John Sanders added, "Hopefully, we have a foundation for the next couple of releases so we won't need to change the format."

While that sounds a reasonable explanation, Autodesk changes its file format, on average, every 3 releases, which doesn't seem to be very forward looking. I asked Bass why this was the case when competitors such as Bentley managed to keep the same format for 15 years.

"If you go into Microsoft Word and you pull down the Save As menu, there are about 7 different file formats to choose from. You change formats because you have to add functionality. I really don't know enough to comment on Bentley."

Strassman explained, "A lot of the changes in the past have been considered minor because we were just stuffing more information into the DWG file format. This time, we wanted to make it so the file would really have a future, so we could eventually add new features to AutoCAD without changing the file format."

But wasn't that what the Object ARX programming language was developed for? "That's what ARX did from a code standpoint, but not from a data standpoint," Bass replied. "We've just made a much more flexible way to add data for us and for our third-party developers. They have a better mechanism to get at the data. So that's what that was all about, it's all geared toward customer benefit. That's why we changed the file."

Strassman expanded on this point: "We also did a bunch of other things ato make it easier to recover files, to make it easier to see when a file is corrupted. We added all sorts of things for the functionality of the user, which will hopefully allow us to avoid changing the file format significantly in the future."

"Mark brought up an important point," added Bass. "People have always wanted a reliable 'recover' command. AutoCAD always done a reasonably good job but it has never been 100% perfect in that area. But data recovery is a huge user request, especially because people get corrupt DWGs written by third-party DWG libraries - which is ironic in the context of this conversation. The problem is compounded when an architect, for example, creates a file, sends it to a consulting engineer and they apparently corrupt the file and then they want to be able to recover it and get the information back. So we have put in more mechanisms to make sure we could actually provide a recover in more circumstances.

On broaching the encryption issue, I reiterated the OpenDWG's specific arguments concerning their findings, namely that the file headers are scrambled with a 128-byte magic number. This statement incited rebukes all around from my interviewees.

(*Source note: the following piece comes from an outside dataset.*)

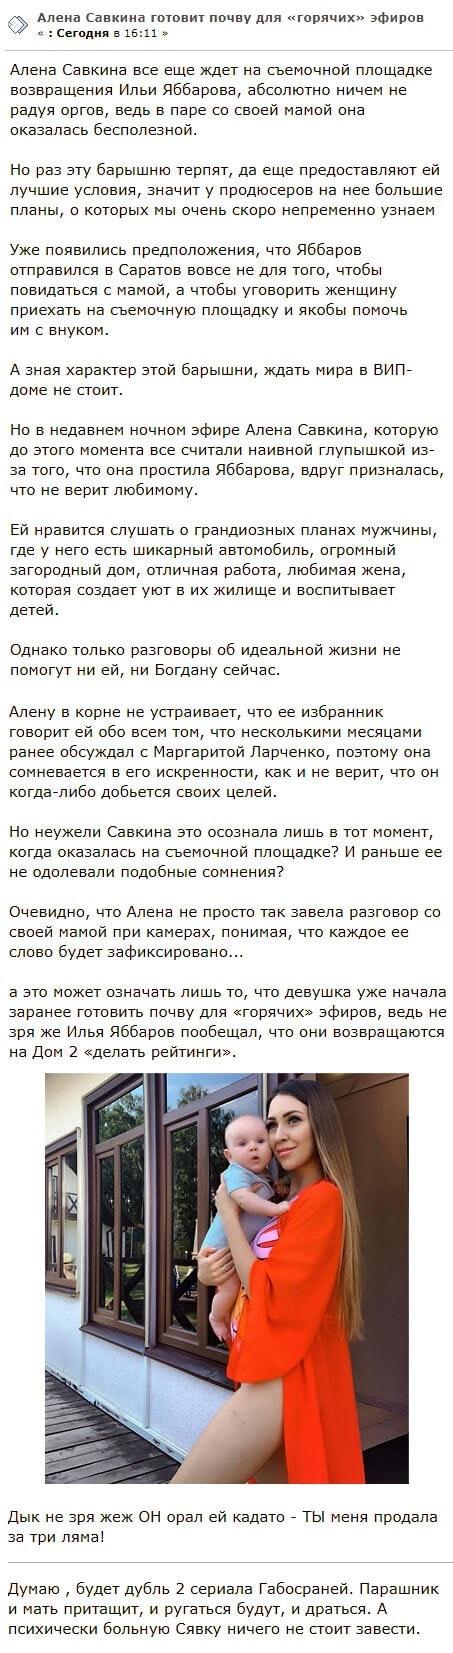 Между Алёной Савкиной и Ильёй Яббаровым грядут грандиозные скандалы

Bass and Saunders both chimed in, "Wrong, wrong, wrong!", while Strassman added, "There is no magic number."

"They will find out later," said Bass. "That's why I haven't been particularly interested in responding because the competitors just look incompetent."

What about the other OpenDWG allegation - that the sub-headers in the file are encrypted with a 4-bit key? "There is no encrypting," Bass replied. "None. There are no keys, they are wrong. I'm more than happy to make a statement about it not being encrypted, except for the password protection. We actually believe that customers should have total control over their data. As an example, we had a choice when it came to putting encryption for the password protection in the file, whether or not to have a back door to access the data and we decided not to. There is nothing special that we can do to that file that a user can't do. It's totally down to user control. We believe fundamentally that users have a right to control their data."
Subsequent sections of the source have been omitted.